→ **PROVIDED MATERIAL**:
__________________________________________________
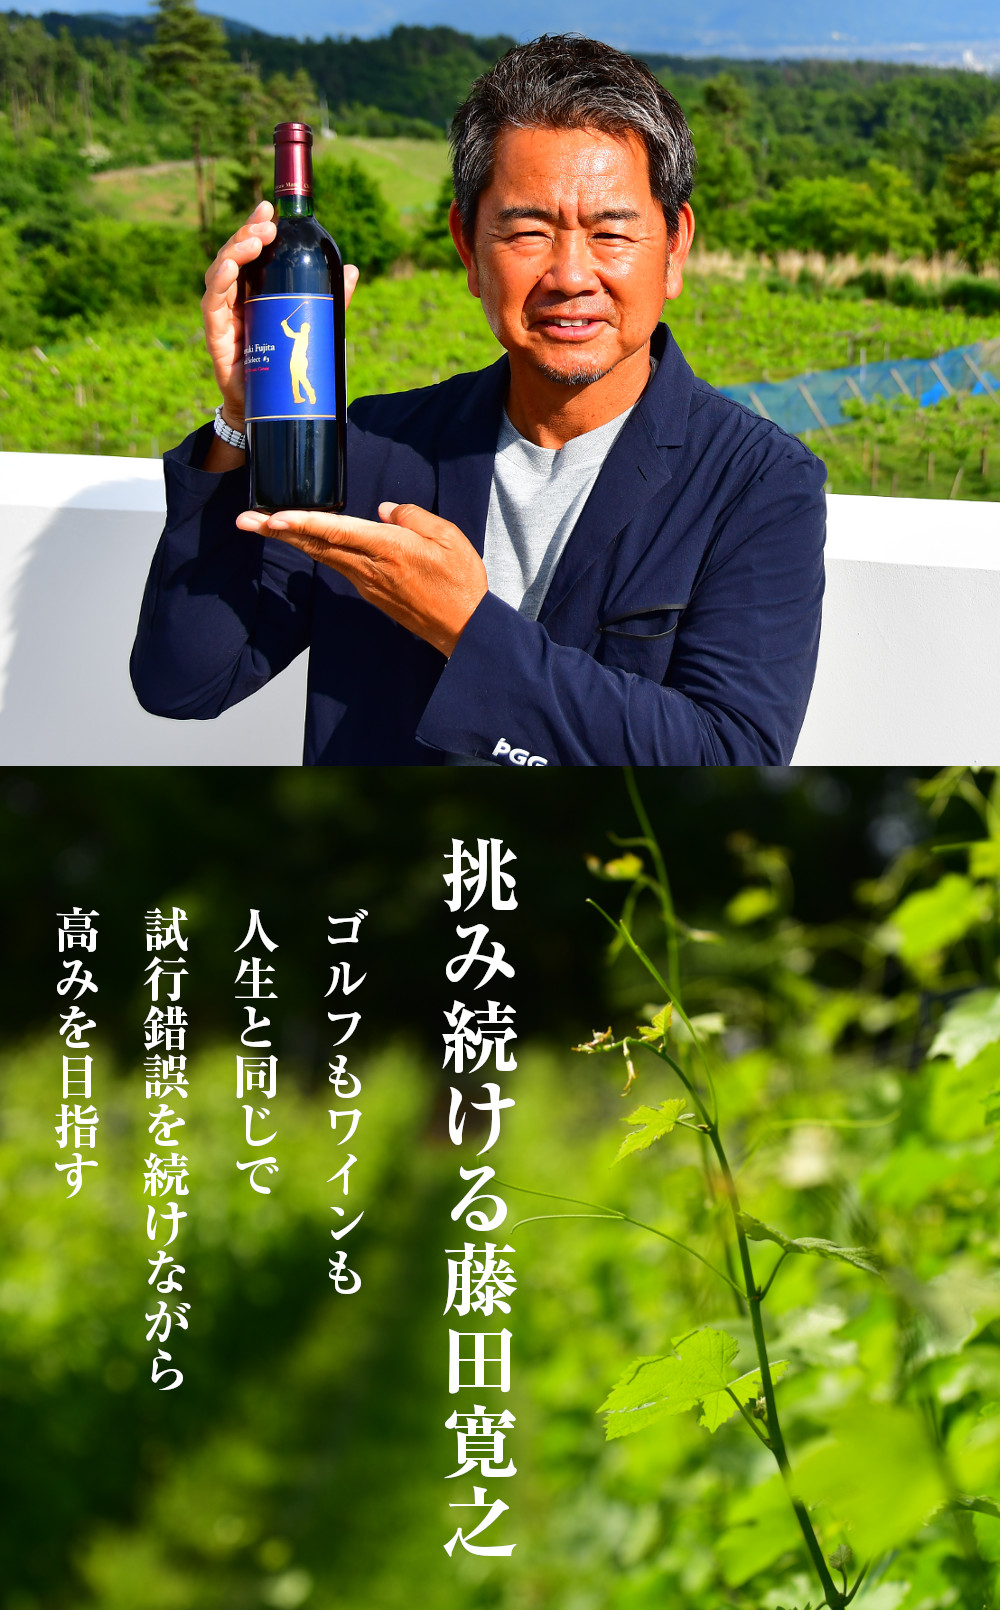 挑み続ける藤田寛之 ゴルフもワインも人生と同じで試行錯誤を続けながら高みを目指す
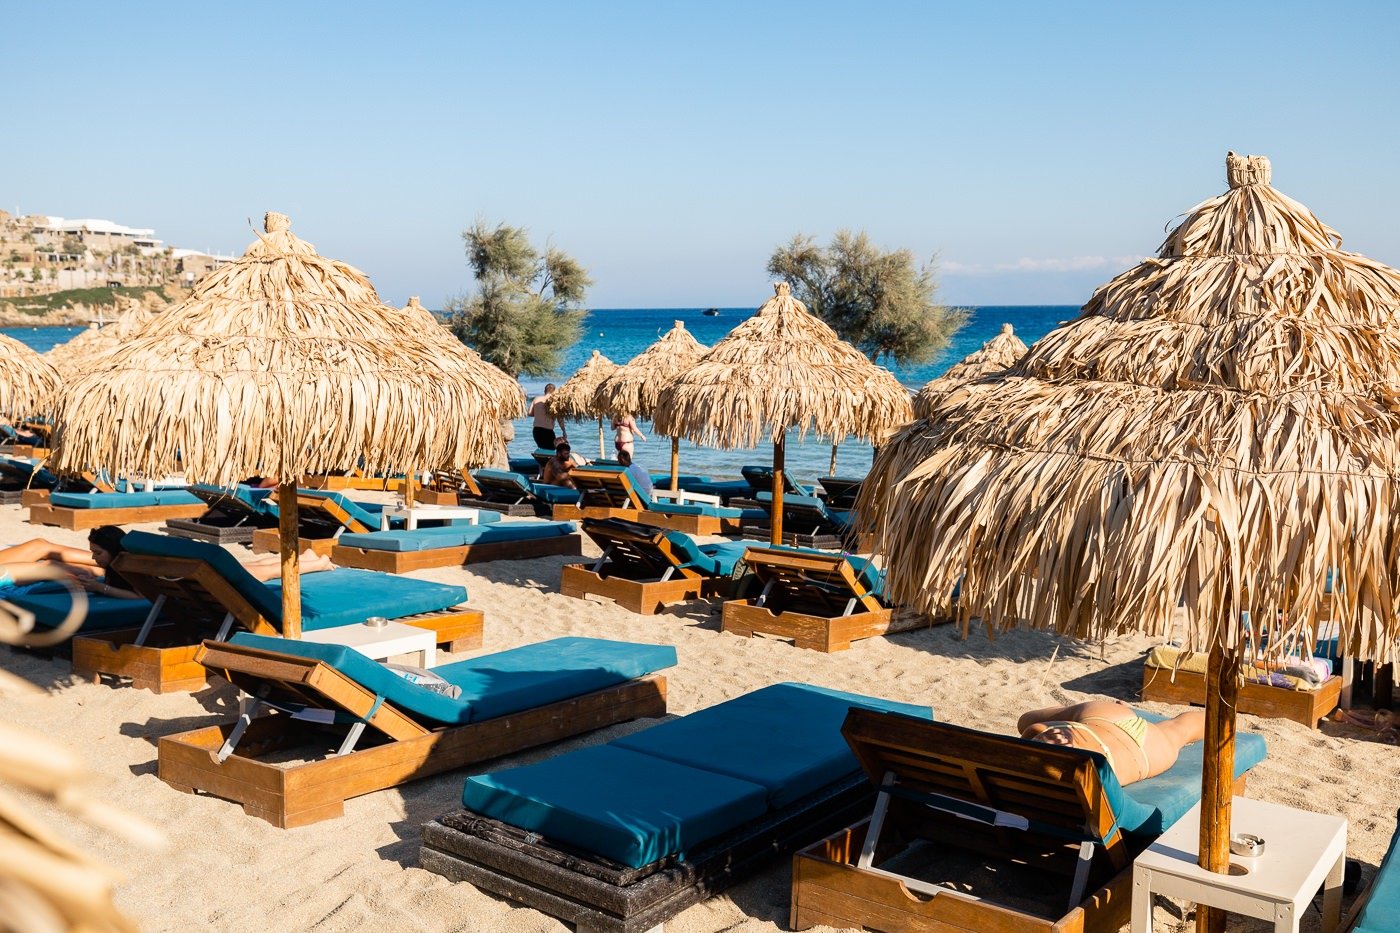 Beach at Luxury Hotel in Mykonos, Greece
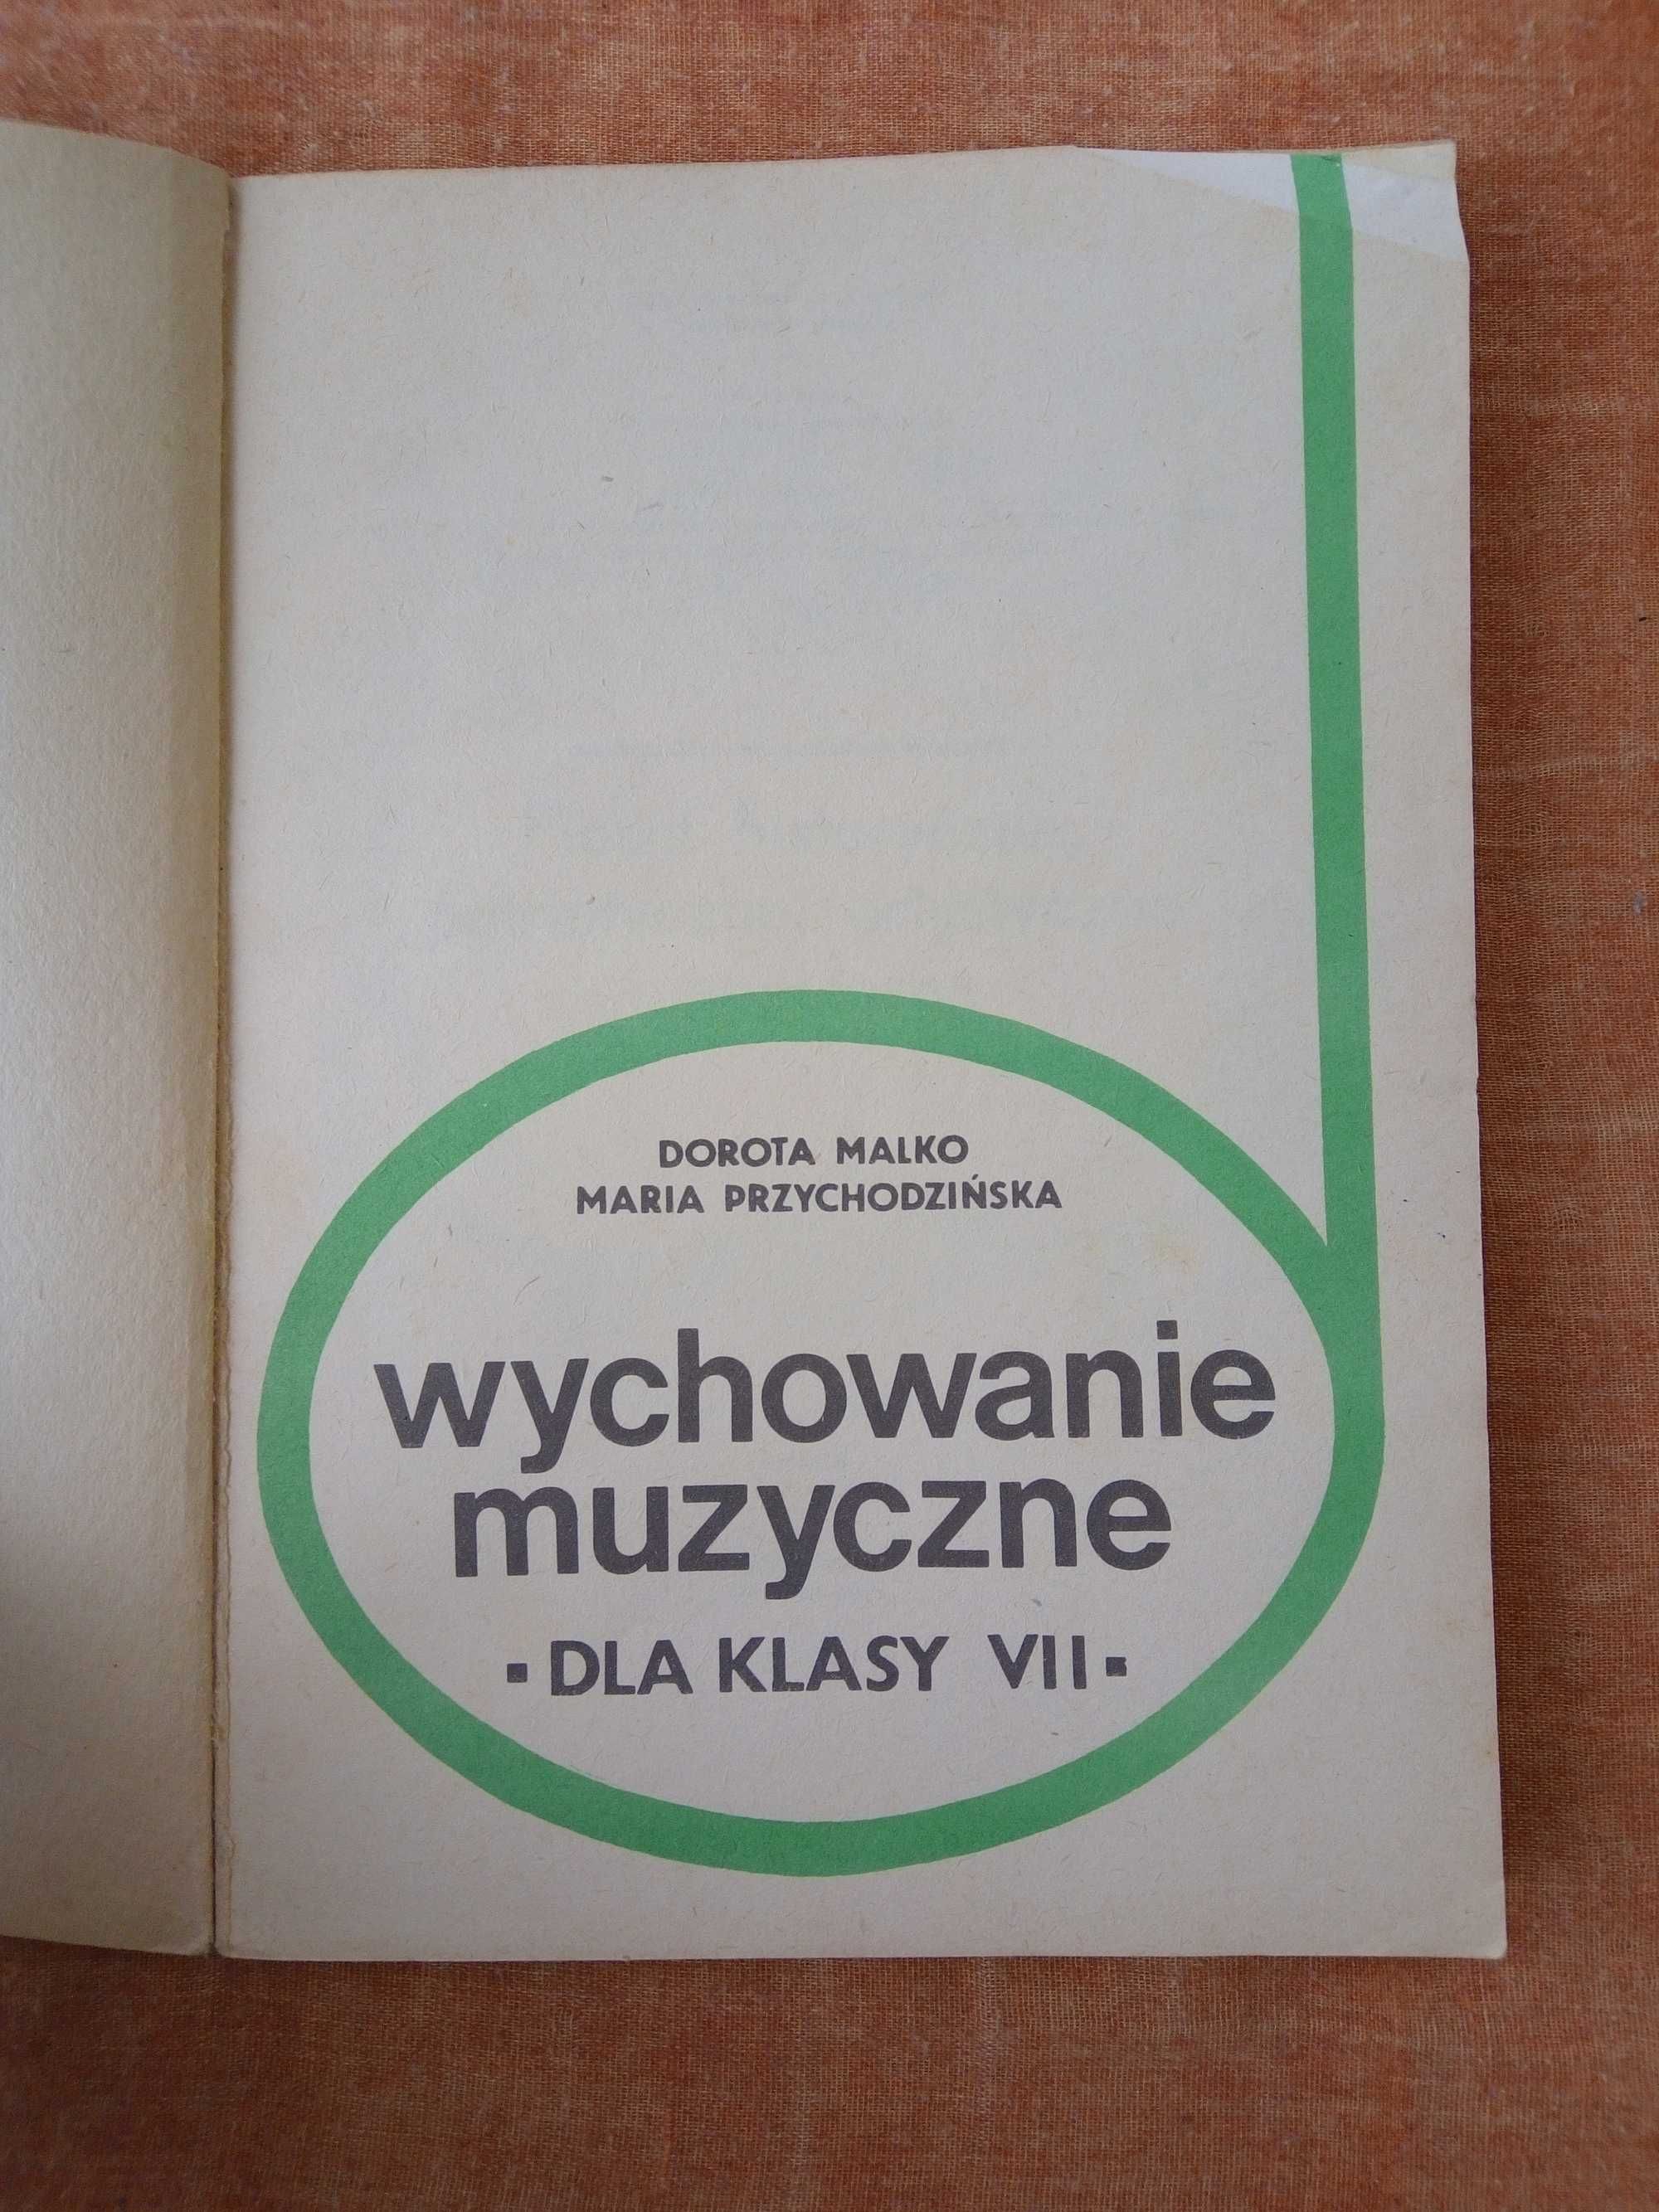 Wychowanie muzyczne 7 - Dorota Malko, Maria Przychodzińska (1977) WSiP
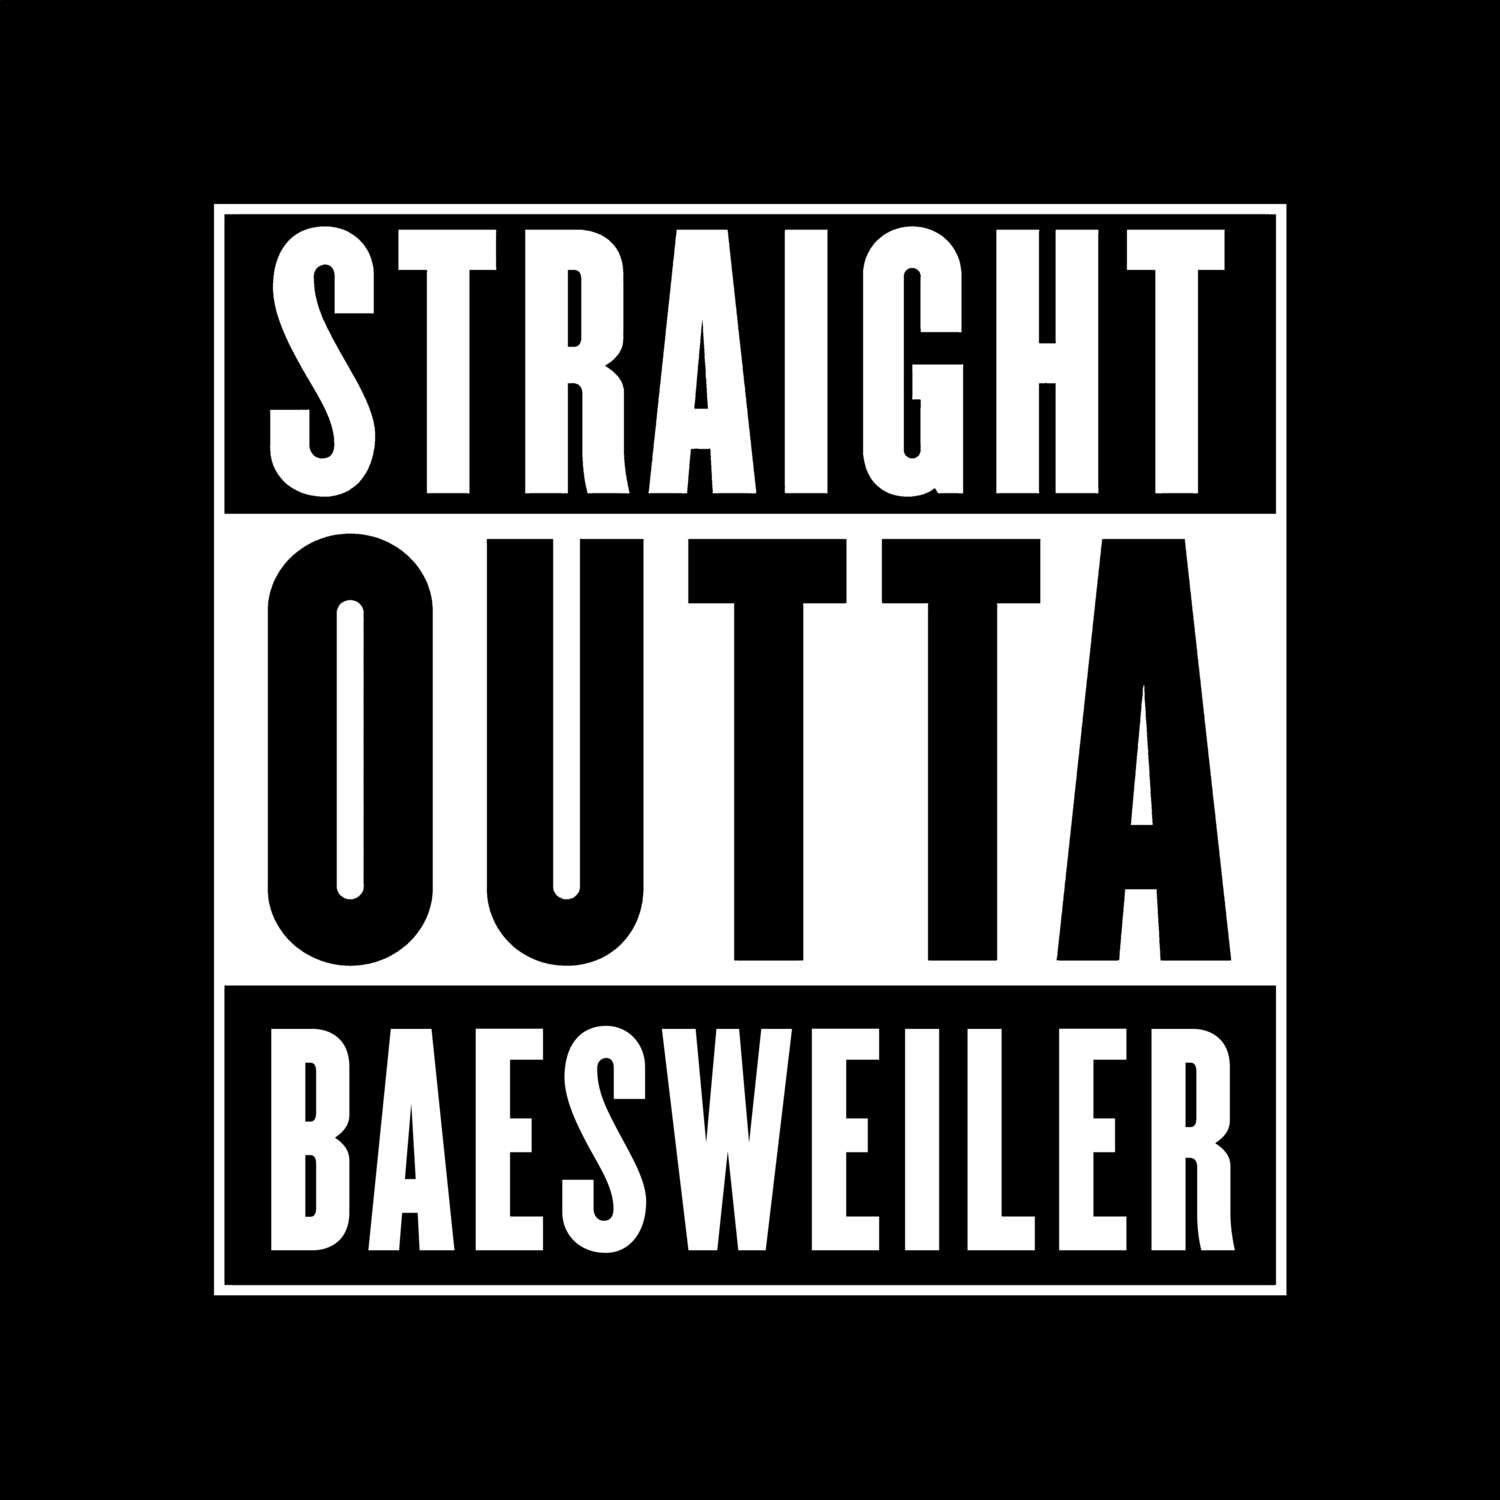 Baesweiler T-Shirt »Straight Outta«
__________________________________________________
→ **ACTION ITEM**: The output consists of exactly the lines from the one containing "Wychowanie muzyczne 7" through the last line of the listing, both included, with no pictures.

→ **SOLUTION TO THIS PROBLEM**:
 Wychowanie muzyczne 7 - Dorota Malko, Maria Przychodzińska (1977) WSiP
 Baesweiler T-Shirt »Straight Outta«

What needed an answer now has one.